— Эй! Ментяра! — заорал главарь. — А ну отполз от деда. Пока я тебе башку не прострелил!

Погодин откатился подальше. В его глазах застыл ужас. Казалось, он вот-вот расплачется.

— Что делать будем, Андрюша? — спокойно спросил фронтовик. — Есть мысли?

— А что тут сделаешь, остается только ждать и надеяться, что не пришьют нас, а просто бросят на берегу связанными, — пожал я плечами.

— А если надежды не оправдаются?

— Все может быть… Статья им тяжкая светит.
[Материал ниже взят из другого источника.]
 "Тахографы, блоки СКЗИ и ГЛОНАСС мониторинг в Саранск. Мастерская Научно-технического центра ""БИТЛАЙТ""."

Нападение на сотрудника при исполнении, плюс повязали гражданских, незаконно свободы лишили. К тому же вооруженные и группой лиц, как говорится, по предварительному сговору. Тут вообще под расстрел попасть можно.
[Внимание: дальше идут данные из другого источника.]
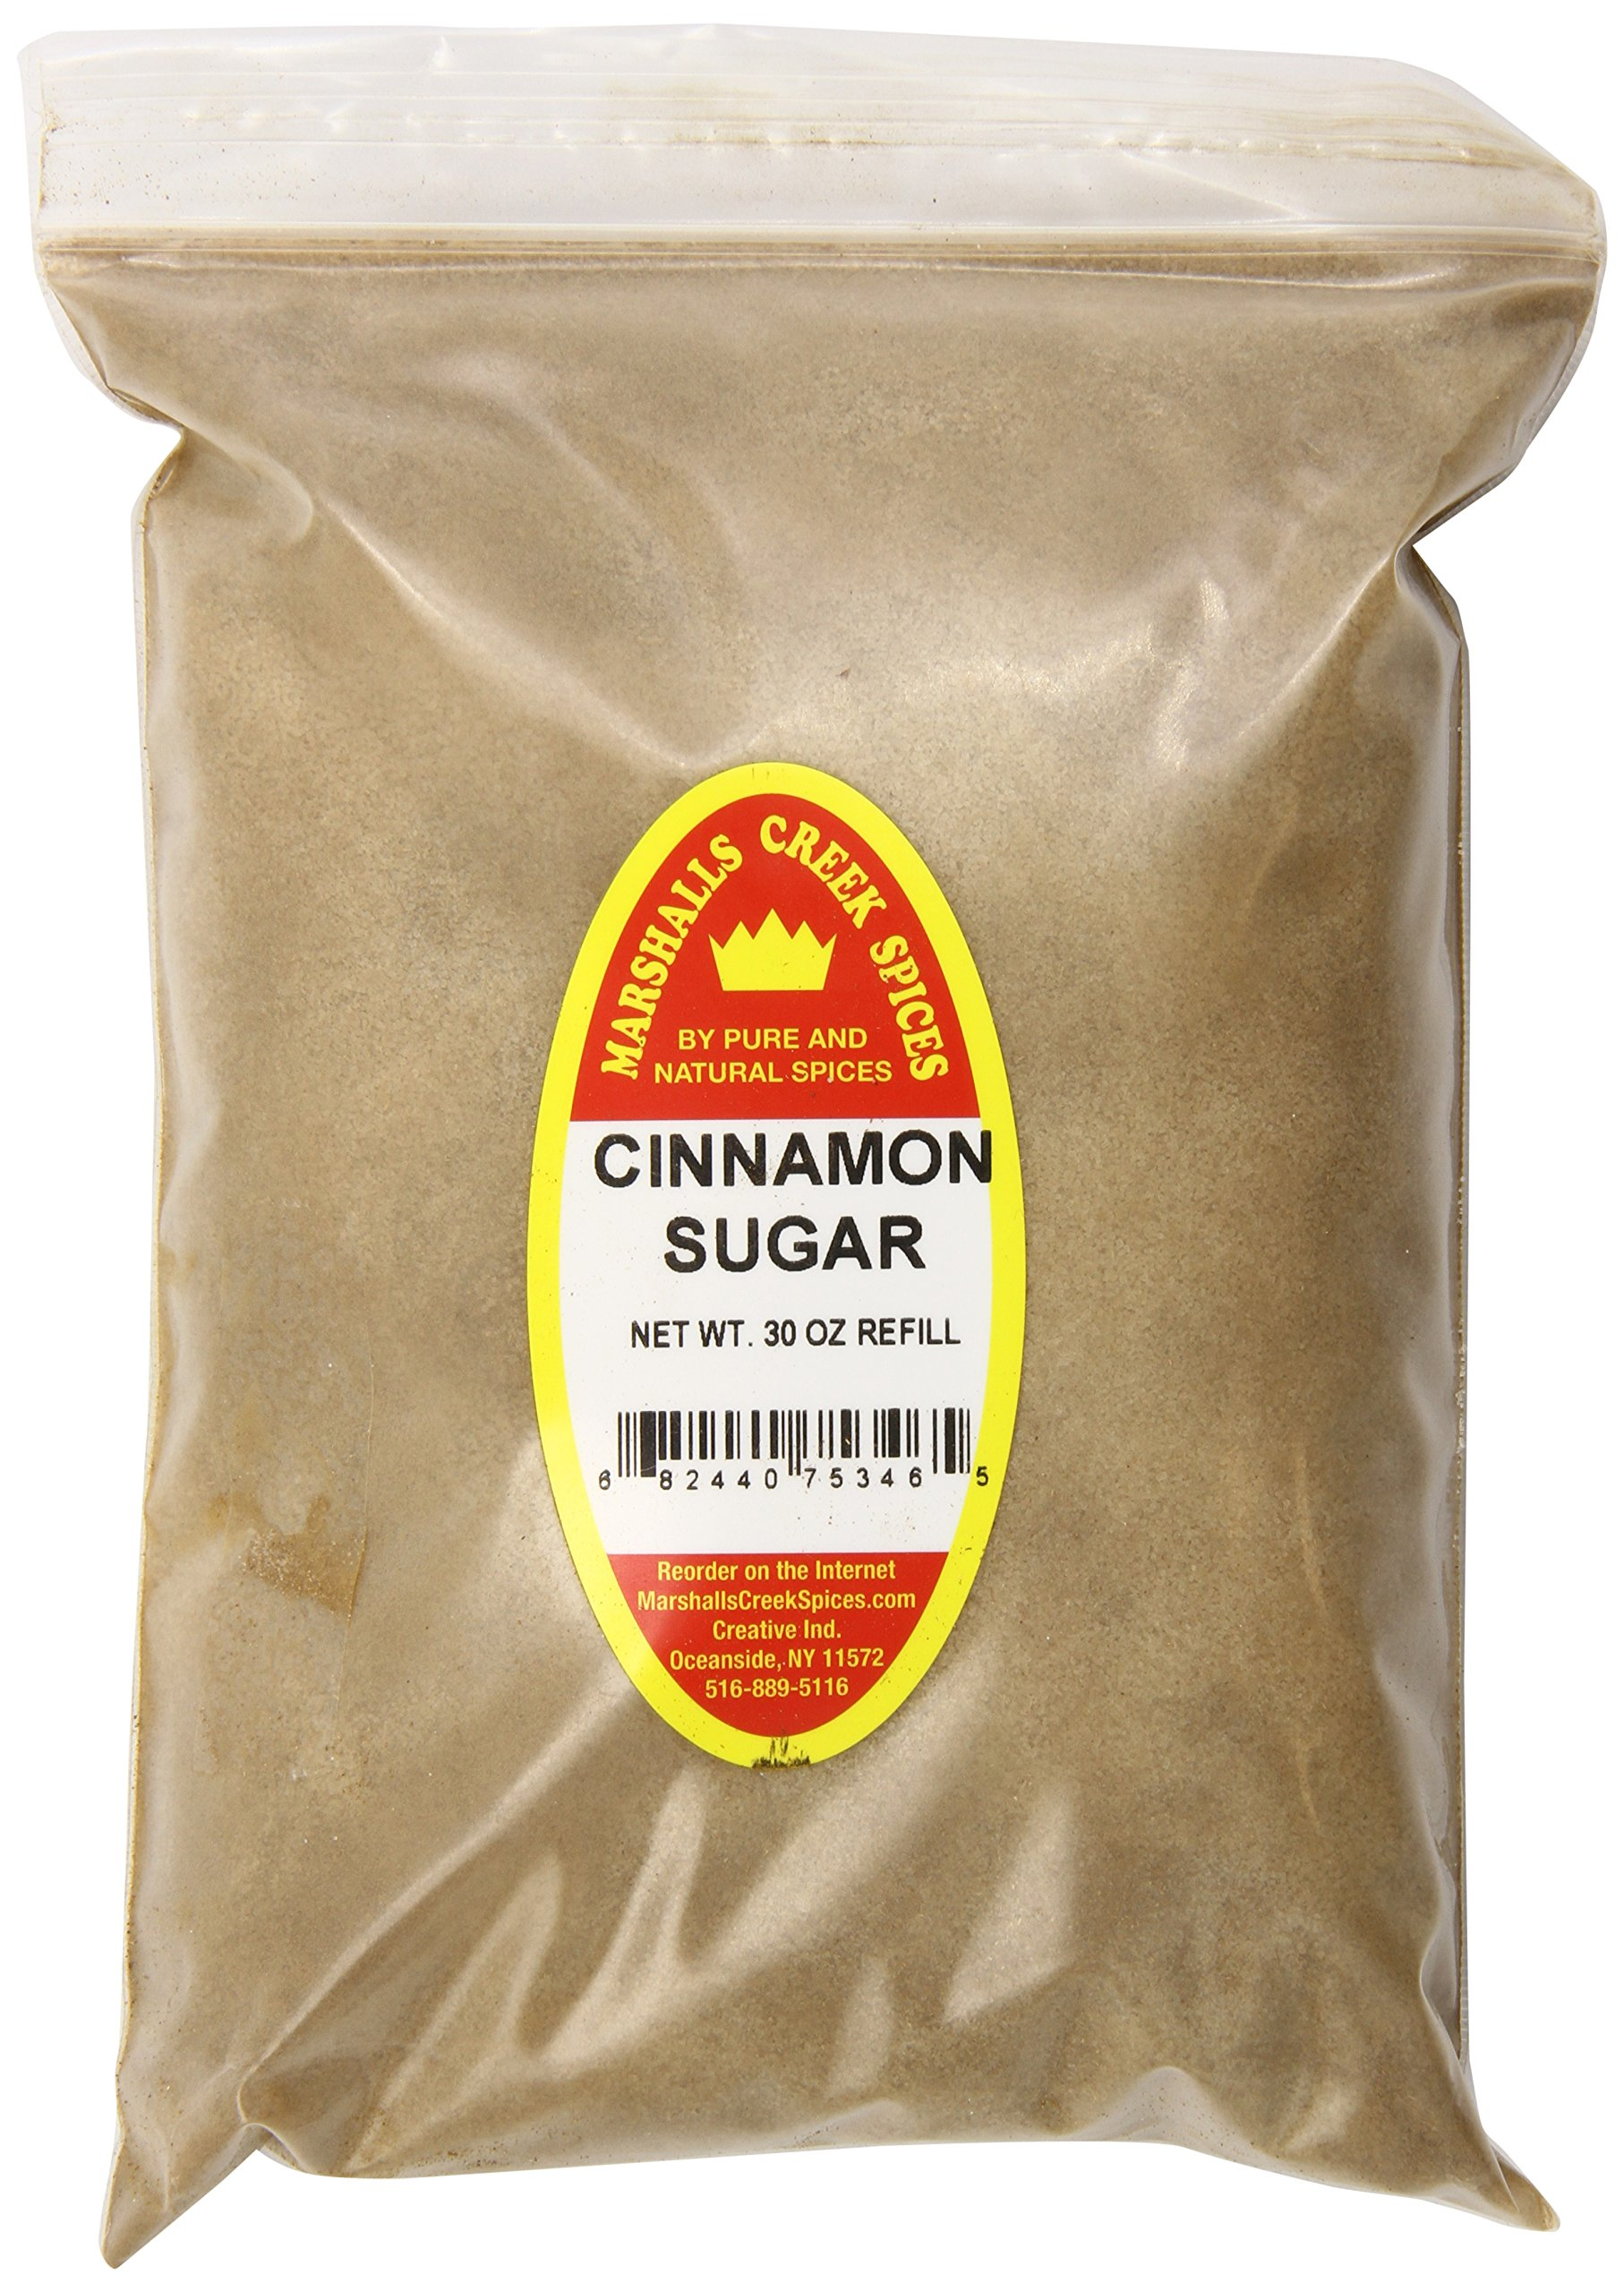 Marshalls Creek Spices X-Large Refill Cinnamon Sugar, 30 Ounce

— Значит, терять им нечего, — вздохнул Петрович. — Пойдут до последнего…

— Получается, что так.

— Я-то пожил, мне вас, дураков молодых, жалко…

— Да не каркай, Петрович, раньше времени не хорони нас. Хотели бы убить, сразу бы пришили.

— И то верно, — оживился Петрович. — Посмотрим, что дальше будет…

Тем временем браконьеры закончили собирать хабар. Загрузили бочку с рыбой в лодку. Туда же поскидали пожитки: котелок, палатку, вещмешки, огромные ножи для рыбы, мешки с солью и прочую дребедень.

Седой взял двустволку и, поигрывая ею, вразвалочку подошел к нам. Остановился, презрительно прищурился, навел на дрожащего Погодина стволы:

— Ну что, граждане, прощеваться будем с вами! Кончину обещаю быструю и мертвую.

— Тебе это с рук не сойдет! — Погодин набрался смелости и попытался плеснуть в голос твердости. — Нас будут искать! Лучше отпусти, пока не поздно!

— Так кто ж вас в речке-то найдет? Уфимка мутная и глубокая. Омутов столько с налимами, они мертвечину вмиг сожрут.

Браконьер повернулся к нам с Петровичем и неожиданно предложил:

— Кто мента пристрелит, того отпущу, — он снял с плеча однозарядку фронтовика.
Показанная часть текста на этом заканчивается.